_EXERCISE AIM_. Copy each line of the listing below exactly and drop the images.

_AVAILABLE DATA_.
++++

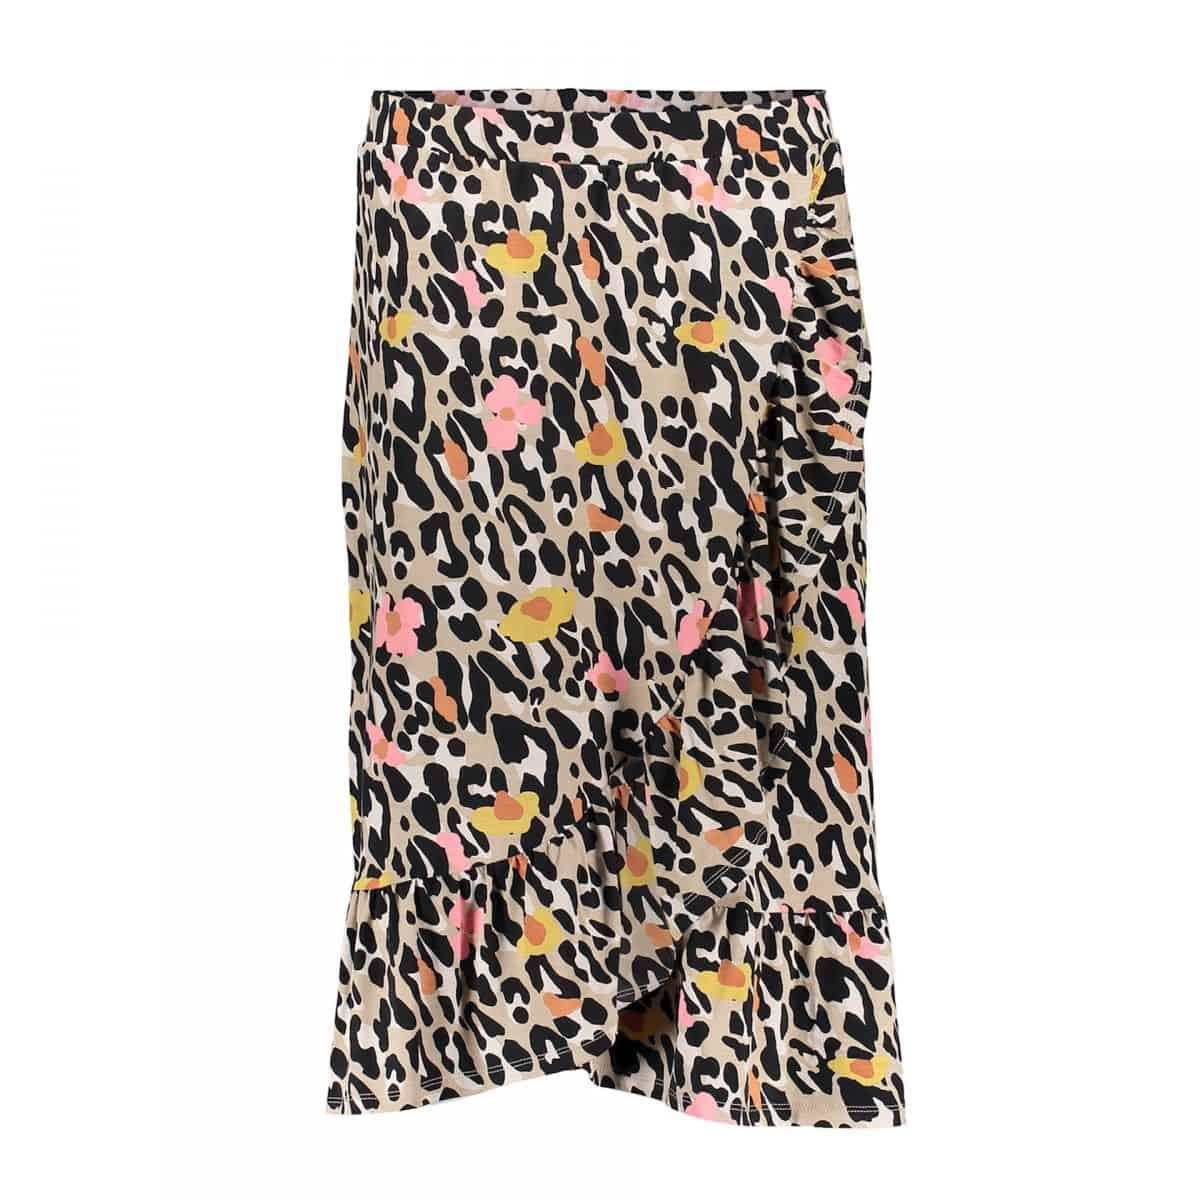 Geisha Skirt Wrap
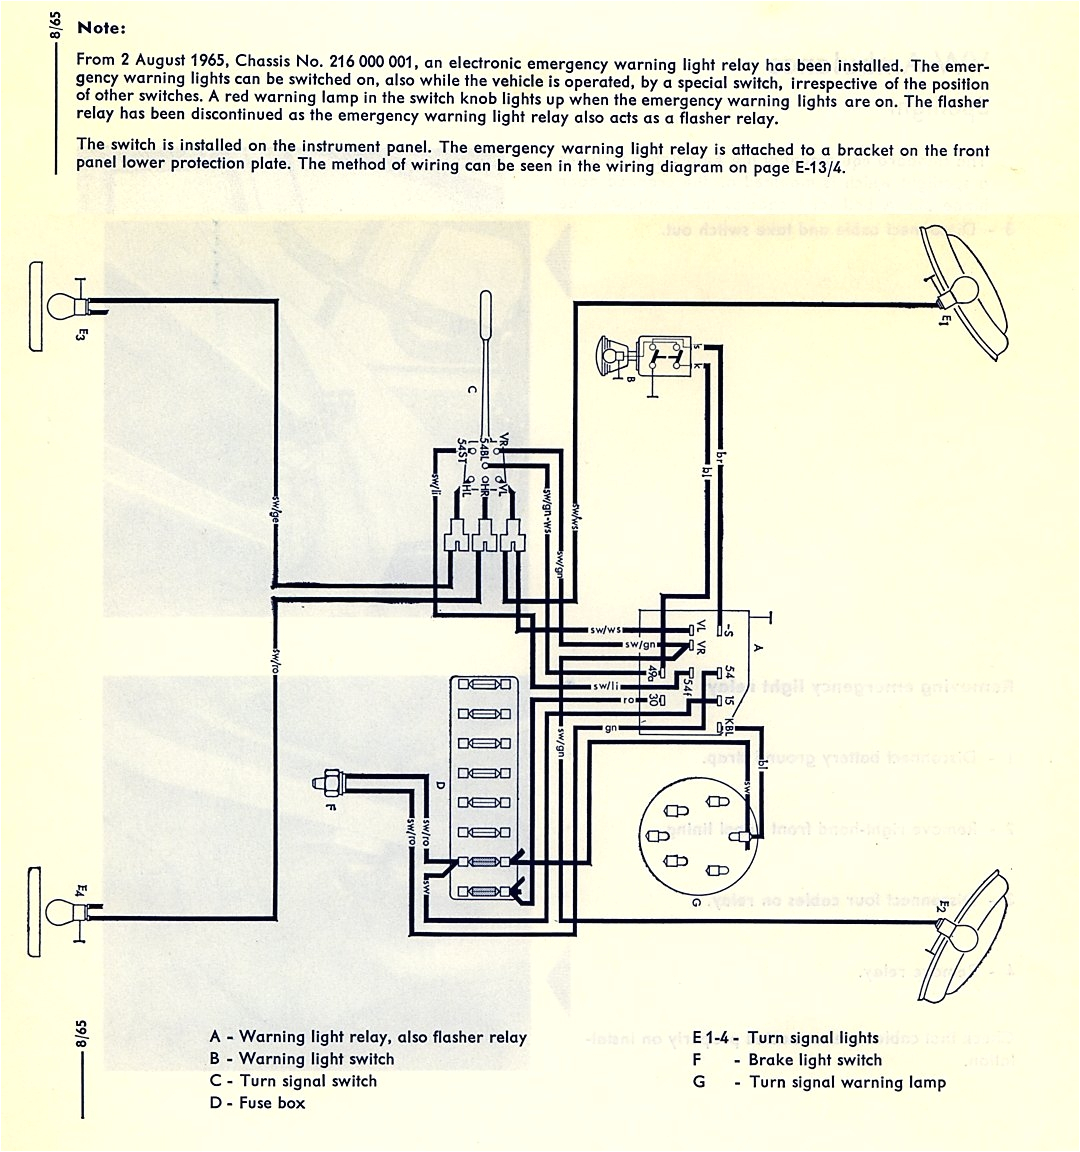 signal light flasher wiring diagram elegant turn signal wiring diagram lovely jcb 3 0d 4
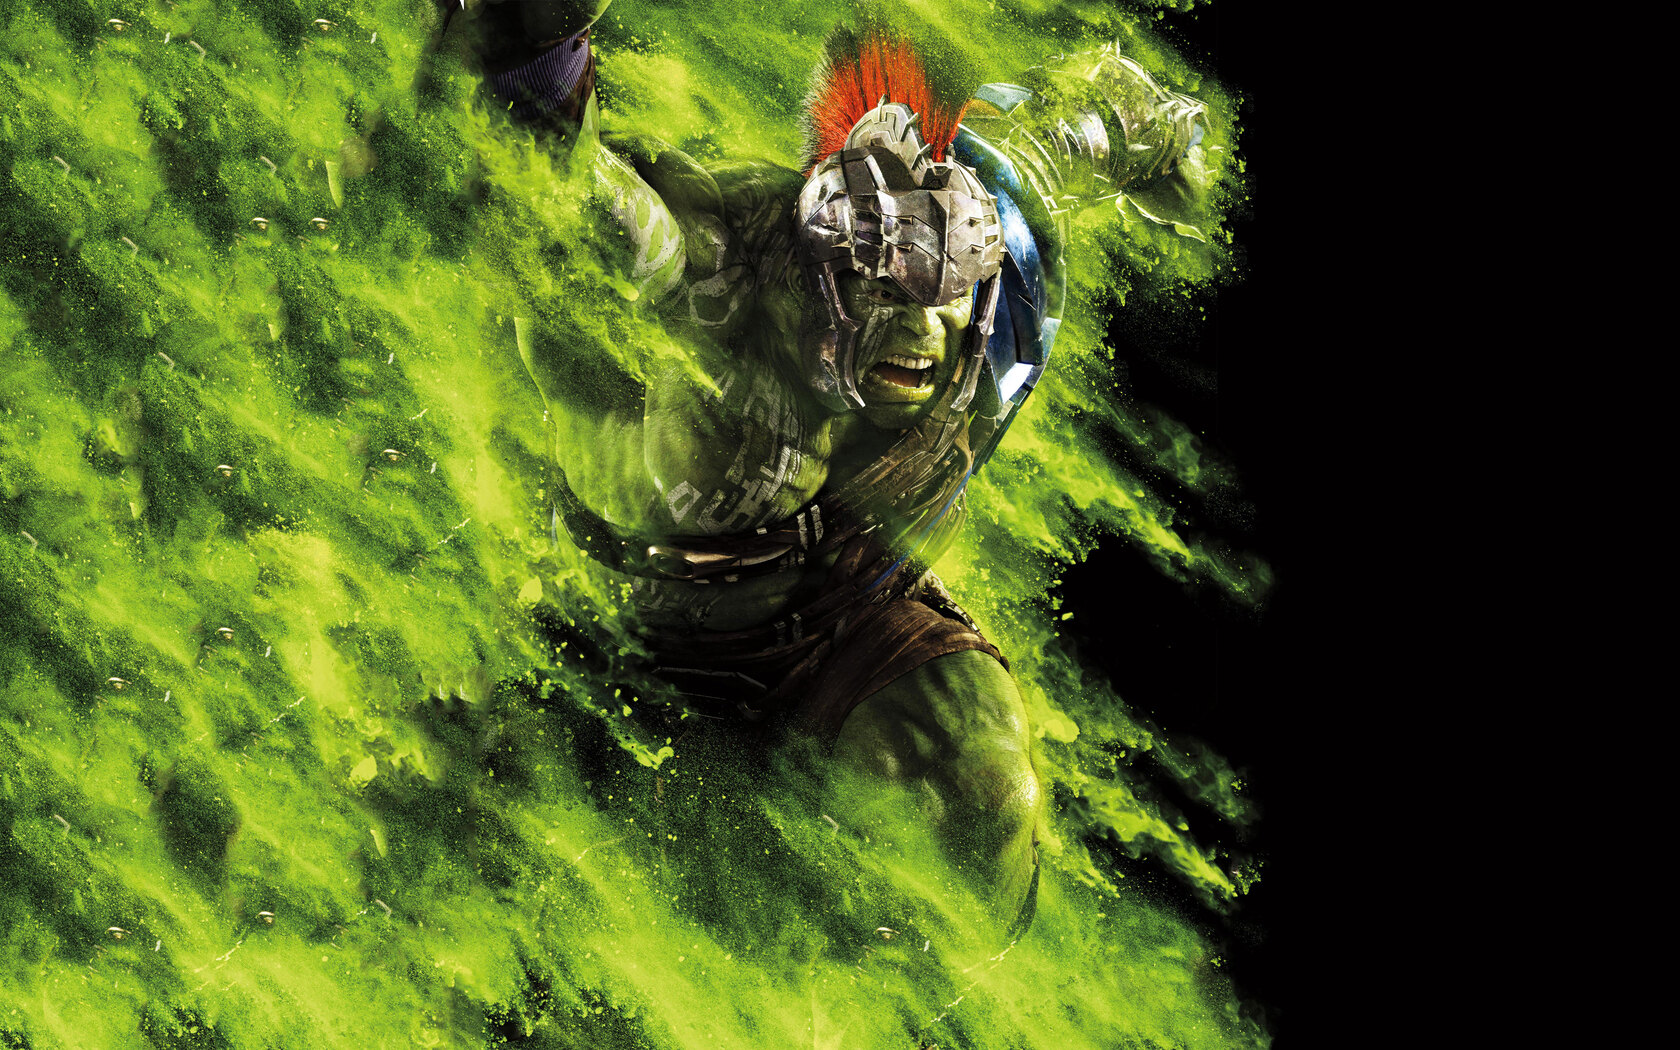 hulk-in-thor-ragnarok-5k-dv.jpg
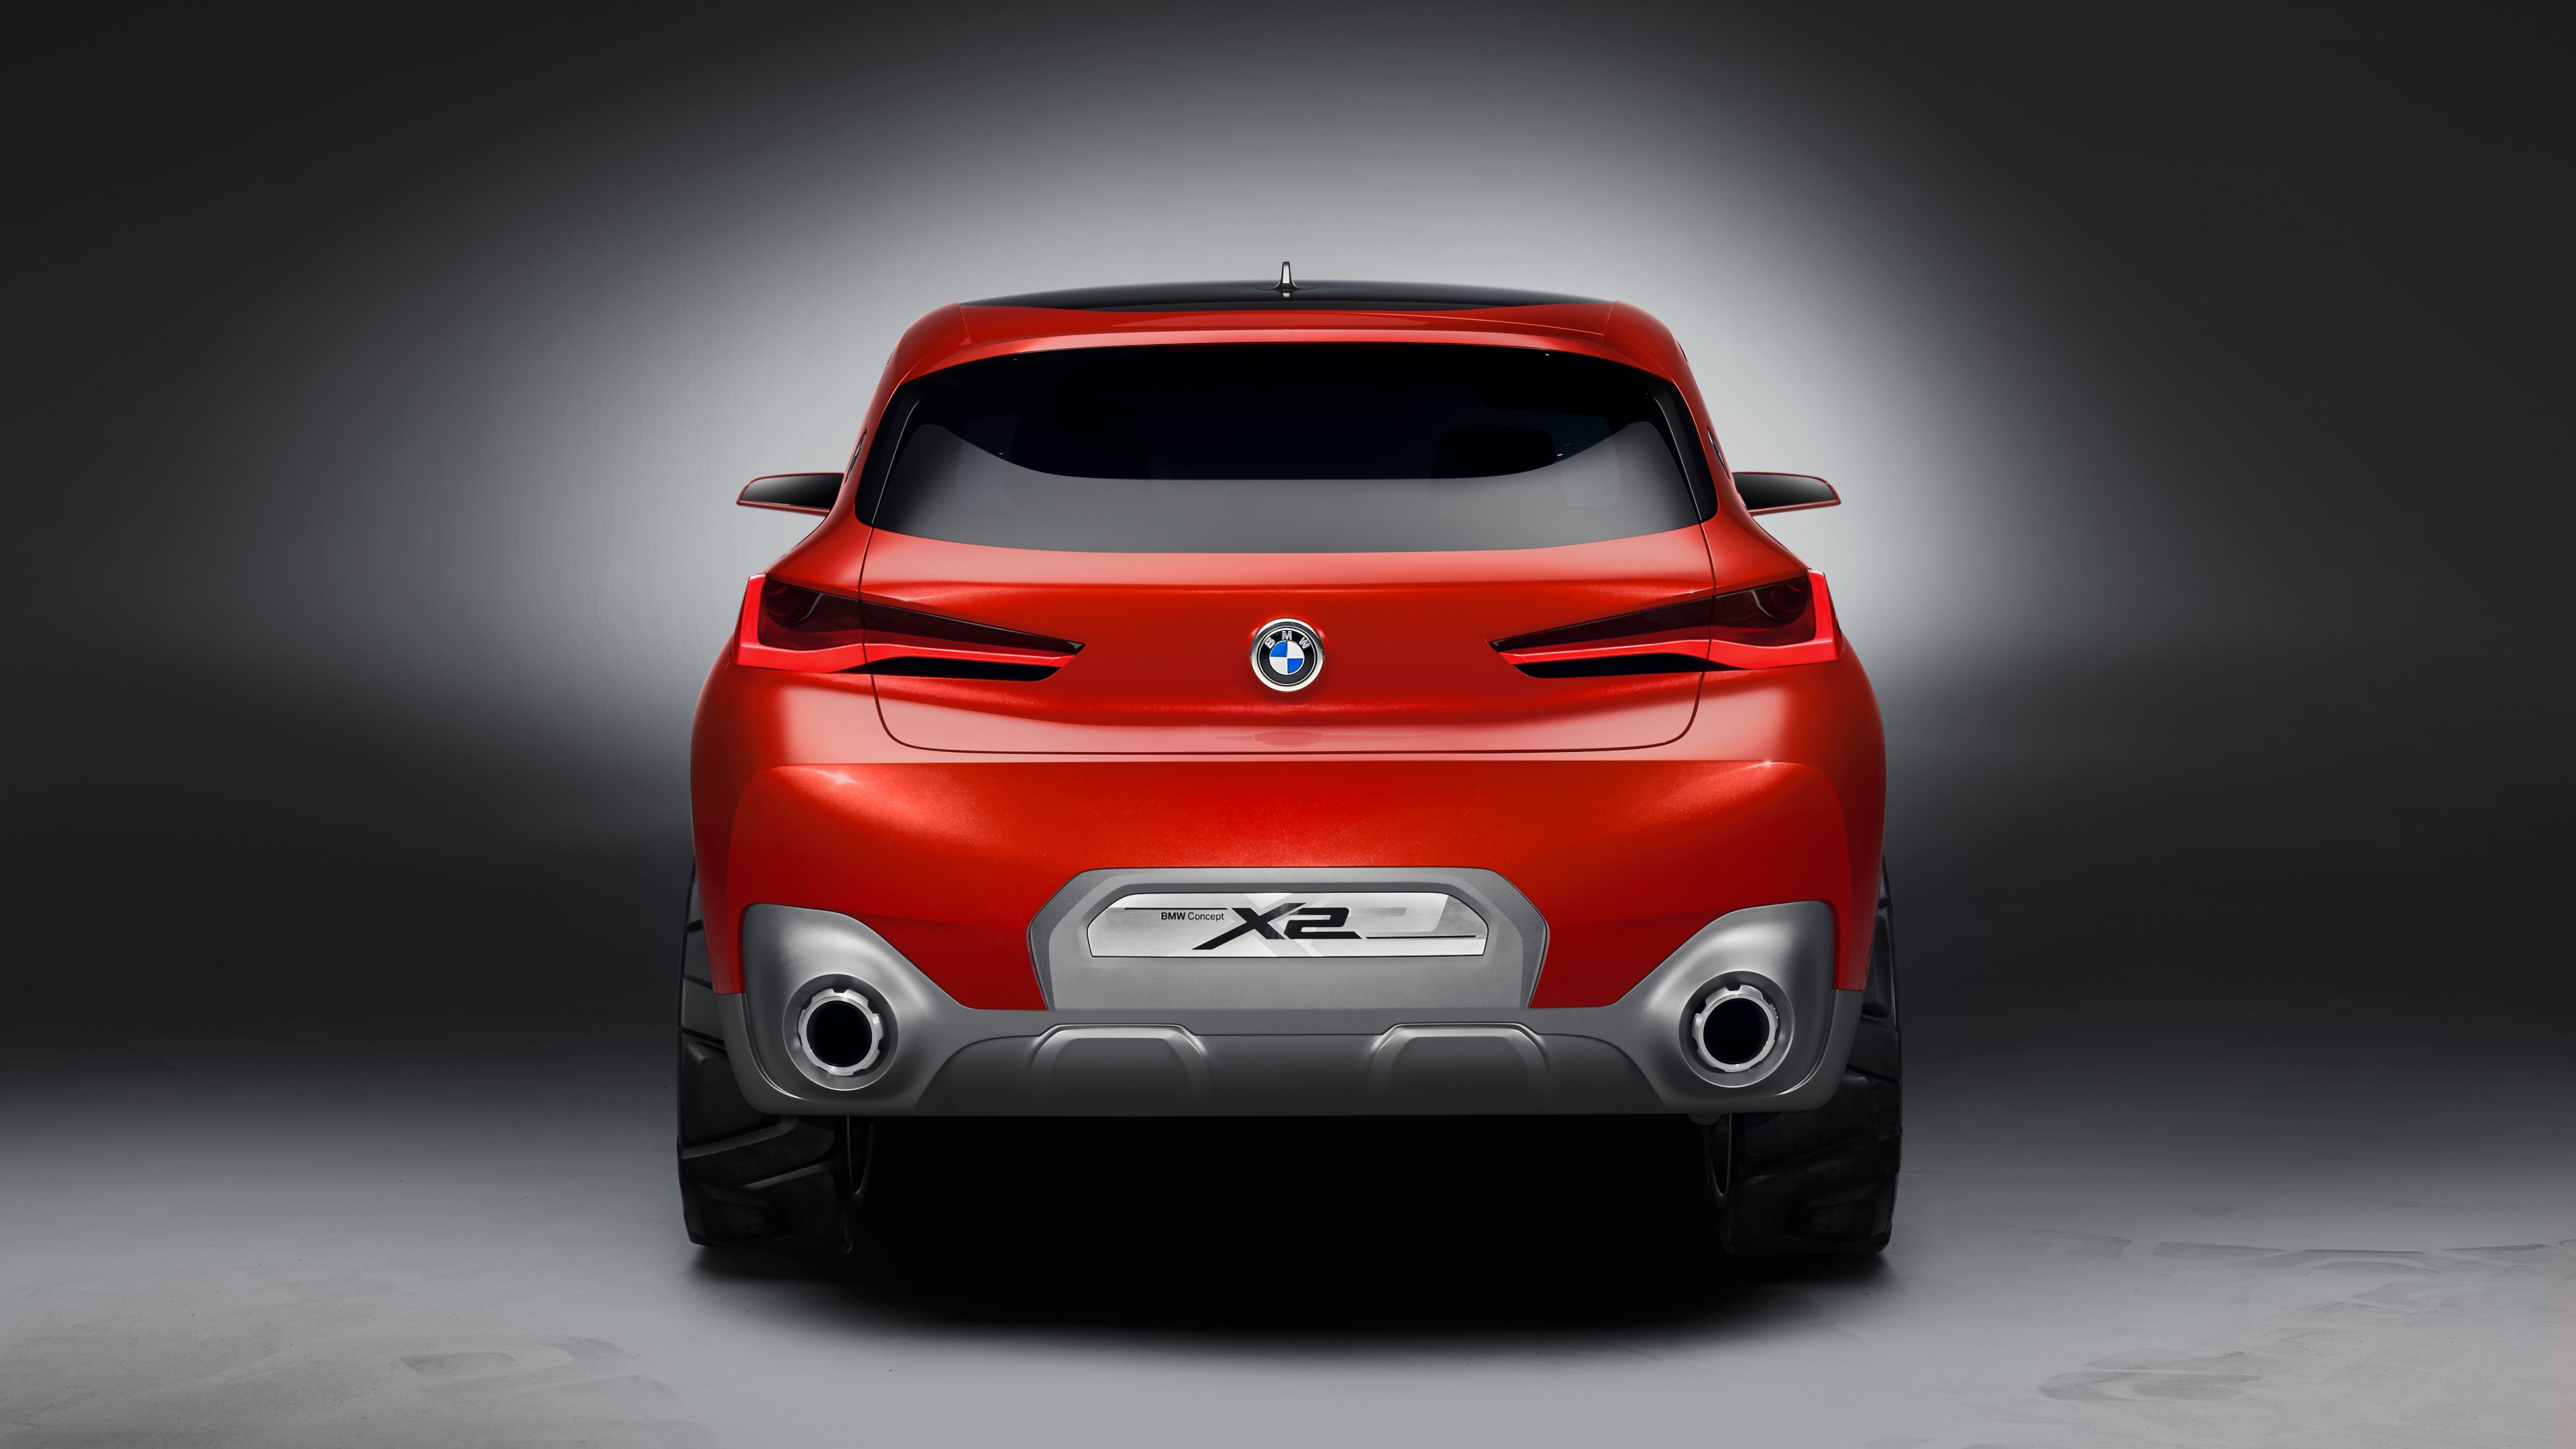 2018 Bmw X2 Concept 3 Wallpaper Hd Car Wallpapers Id 7313

++++

_WRITTEN SOLUTION_.
 Geisha Skirt Wrap
 signal light flasher wiring diagram elegant turn signal wiring diagram lovely jcb 3 0d 4
 hulk-in-thor-ragnarok-5k-dv.jpg
 2018 Bmw X2 Concept 3 Wallpaper Hd Car Wallpapers Id 7313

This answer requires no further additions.